[[ Source material open ]]
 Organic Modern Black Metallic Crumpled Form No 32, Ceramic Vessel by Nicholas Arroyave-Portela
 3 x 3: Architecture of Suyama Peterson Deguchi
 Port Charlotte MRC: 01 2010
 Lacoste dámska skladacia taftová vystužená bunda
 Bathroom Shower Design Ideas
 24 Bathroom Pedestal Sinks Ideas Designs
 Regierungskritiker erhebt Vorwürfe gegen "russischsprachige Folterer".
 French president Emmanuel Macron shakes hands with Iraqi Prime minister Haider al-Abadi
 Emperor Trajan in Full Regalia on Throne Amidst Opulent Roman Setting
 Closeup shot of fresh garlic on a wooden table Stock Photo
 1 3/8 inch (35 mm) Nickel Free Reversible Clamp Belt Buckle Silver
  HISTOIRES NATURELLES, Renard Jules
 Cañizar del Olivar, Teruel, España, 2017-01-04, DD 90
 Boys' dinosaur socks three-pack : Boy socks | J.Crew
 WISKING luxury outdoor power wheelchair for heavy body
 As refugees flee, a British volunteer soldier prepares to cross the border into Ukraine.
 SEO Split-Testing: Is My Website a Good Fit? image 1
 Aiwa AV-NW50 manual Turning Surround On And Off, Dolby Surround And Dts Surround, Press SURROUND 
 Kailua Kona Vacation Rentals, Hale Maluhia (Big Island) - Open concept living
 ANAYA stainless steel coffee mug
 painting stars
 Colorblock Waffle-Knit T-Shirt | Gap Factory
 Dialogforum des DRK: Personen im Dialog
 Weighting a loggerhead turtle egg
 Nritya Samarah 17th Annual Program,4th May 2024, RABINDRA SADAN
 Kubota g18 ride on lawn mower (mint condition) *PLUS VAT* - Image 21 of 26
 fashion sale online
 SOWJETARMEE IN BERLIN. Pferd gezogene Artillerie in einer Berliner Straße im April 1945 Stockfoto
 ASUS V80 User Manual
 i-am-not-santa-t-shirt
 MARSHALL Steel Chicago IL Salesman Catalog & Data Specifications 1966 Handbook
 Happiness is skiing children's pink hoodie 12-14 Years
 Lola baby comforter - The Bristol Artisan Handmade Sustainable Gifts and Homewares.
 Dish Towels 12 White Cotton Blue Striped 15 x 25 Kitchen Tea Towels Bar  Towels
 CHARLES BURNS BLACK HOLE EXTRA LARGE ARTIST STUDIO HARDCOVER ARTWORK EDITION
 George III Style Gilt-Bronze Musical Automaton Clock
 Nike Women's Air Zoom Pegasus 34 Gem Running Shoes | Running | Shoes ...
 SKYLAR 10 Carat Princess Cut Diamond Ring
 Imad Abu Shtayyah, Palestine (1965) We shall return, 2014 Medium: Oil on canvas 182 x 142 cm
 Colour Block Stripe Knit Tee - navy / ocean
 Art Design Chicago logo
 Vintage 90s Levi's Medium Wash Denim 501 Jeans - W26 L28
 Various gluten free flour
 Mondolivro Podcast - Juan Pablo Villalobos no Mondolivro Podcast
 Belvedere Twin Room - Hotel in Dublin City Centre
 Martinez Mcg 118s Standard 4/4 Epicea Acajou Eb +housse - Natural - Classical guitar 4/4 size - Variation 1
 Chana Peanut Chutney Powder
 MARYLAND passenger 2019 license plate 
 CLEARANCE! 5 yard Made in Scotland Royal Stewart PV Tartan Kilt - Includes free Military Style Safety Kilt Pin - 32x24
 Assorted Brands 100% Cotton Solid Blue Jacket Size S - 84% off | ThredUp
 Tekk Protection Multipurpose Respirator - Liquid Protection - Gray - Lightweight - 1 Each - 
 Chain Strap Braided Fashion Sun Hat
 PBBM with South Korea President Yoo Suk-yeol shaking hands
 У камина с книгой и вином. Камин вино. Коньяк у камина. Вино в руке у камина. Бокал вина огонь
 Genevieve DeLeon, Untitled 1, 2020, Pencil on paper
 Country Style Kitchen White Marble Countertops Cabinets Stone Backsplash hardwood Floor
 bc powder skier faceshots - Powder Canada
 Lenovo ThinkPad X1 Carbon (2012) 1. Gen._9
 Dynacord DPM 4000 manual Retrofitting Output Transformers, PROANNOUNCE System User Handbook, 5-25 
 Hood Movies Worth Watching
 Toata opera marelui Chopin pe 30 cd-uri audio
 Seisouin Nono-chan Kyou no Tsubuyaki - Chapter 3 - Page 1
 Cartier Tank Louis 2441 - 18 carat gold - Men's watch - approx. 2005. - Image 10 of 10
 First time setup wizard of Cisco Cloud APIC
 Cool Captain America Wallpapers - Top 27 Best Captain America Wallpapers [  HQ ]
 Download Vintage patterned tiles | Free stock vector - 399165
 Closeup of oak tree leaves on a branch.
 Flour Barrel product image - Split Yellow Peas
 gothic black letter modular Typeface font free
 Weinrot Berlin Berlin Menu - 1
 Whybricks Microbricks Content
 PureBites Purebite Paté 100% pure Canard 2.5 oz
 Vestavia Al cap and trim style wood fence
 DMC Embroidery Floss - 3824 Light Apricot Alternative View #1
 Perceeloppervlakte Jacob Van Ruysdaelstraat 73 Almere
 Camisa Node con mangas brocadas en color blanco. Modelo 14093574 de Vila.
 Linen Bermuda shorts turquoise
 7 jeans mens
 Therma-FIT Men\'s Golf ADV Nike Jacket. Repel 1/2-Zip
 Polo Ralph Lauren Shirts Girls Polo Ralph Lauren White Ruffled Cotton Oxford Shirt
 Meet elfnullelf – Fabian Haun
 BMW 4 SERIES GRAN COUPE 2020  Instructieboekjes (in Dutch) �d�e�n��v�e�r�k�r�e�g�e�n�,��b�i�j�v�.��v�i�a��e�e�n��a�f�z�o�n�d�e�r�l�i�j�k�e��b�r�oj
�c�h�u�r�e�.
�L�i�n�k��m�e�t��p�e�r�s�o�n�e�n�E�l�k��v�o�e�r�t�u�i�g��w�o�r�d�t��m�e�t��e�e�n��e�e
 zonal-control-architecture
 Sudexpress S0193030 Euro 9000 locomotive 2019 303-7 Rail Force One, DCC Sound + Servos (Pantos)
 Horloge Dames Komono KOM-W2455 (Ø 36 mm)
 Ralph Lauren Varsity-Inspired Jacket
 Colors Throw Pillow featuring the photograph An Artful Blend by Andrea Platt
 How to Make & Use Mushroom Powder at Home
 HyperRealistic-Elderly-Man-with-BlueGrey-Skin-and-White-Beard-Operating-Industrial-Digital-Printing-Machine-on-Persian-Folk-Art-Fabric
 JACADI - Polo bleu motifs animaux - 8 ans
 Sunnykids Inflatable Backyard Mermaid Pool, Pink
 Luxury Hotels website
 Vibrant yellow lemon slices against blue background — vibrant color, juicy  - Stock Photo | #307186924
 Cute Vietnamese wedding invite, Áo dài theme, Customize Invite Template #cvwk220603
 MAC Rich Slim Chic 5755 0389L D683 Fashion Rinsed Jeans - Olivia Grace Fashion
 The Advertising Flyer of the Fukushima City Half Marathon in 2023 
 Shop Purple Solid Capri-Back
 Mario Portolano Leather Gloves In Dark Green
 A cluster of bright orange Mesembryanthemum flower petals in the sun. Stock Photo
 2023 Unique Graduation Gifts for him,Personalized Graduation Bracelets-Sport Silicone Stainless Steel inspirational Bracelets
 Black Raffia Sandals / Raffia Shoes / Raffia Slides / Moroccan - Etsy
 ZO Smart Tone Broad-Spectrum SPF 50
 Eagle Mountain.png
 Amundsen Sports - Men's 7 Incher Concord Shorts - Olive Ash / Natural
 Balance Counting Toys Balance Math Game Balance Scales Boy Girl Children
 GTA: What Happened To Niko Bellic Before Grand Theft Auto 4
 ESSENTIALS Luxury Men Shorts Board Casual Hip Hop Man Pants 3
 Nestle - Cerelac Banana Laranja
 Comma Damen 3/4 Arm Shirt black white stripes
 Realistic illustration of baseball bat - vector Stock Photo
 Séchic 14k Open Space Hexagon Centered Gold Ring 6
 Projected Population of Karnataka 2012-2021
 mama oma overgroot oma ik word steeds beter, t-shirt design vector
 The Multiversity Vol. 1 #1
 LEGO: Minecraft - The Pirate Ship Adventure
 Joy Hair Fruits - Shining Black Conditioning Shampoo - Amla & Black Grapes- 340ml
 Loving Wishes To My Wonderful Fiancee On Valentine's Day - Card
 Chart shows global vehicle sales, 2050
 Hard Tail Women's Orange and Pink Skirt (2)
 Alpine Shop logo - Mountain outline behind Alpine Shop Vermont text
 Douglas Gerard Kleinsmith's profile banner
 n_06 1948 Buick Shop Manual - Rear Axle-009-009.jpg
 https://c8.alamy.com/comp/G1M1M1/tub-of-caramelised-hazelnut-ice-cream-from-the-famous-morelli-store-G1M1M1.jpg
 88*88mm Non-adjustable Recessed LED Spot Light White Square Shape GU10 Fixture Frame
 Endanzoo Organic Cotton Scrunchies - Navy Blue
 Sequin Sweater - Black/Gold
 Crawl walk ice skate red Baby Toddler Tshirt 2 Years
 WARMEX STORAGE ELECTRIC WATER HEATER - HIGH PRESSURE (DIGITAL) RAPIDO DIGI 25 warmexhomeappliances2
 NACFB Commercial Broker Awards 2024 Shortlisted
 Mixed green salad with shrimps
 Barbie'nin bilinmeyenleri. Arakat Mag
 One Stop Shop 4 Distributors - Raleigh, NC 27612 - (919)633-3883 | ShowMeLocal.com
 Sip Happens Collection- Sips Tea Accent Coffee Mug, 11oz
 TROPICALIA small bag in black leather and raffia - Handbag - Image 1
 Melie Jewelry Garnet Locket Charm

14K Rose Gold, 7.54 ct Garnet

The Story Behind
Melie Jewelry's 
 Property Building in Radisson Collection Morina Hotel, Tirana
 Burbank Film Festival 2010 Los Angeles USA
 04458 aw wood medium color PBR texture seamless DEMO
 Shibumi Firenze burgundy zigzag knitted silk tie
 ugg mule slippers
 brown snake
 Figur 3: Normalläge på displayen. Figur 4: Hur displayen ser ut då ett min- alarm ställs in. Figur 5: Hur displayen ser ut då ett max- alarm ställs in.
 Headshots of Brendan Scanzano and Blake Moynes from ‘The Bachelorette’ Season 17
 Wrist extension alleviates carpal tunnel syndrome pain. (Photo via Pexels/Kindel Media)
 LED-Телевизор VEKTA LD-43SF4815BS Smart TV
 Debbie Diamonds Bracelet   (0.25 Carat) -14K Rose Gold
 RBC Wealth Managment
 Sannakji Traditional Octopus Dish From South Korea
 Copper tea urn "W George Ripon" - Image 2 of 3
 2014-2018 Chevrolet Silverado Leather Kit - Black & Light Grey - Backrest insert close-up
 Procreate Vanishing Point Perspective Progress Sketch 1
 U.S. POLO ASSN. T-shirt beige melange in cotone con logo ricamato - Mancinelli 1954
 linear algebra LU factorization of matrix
[[ Source material closed ]]
**Work task**
From the entries above, extract only the lines running from the one containing "n_06 1948 Buick" through the one containing "NACFB Commercial Broker", inclusive.

**Exercise output**
 n_06 1948 Buick Shop Manual - Rear Axle-009-009.jpg
 https://c8.alamy.com/comp/G1M1M1/tub-of-caramelised-hazelnut-ice-cream-from-the-famous-morelli-store-G1M1M1.jpg
 88*88mm Non-adjustable Recessed LED Spot Light White Square Shape GU10 Fixture Frame
 Endanzoo Organic Cotton Scrunchies - Navy Blue
 Sequin Sweater - Black/Gold
 Crawl walk ice skate red Baby Toddler Tshirt 2 Years
 WARMEX STORAGE ELECTRIC WATER HEATER - HIGH PRESSURE (DIGITAL) RAPIDO DIGI 25 warmexhomeappliances2
 NACFB Commercial Broker Awards 2024 Shortlisted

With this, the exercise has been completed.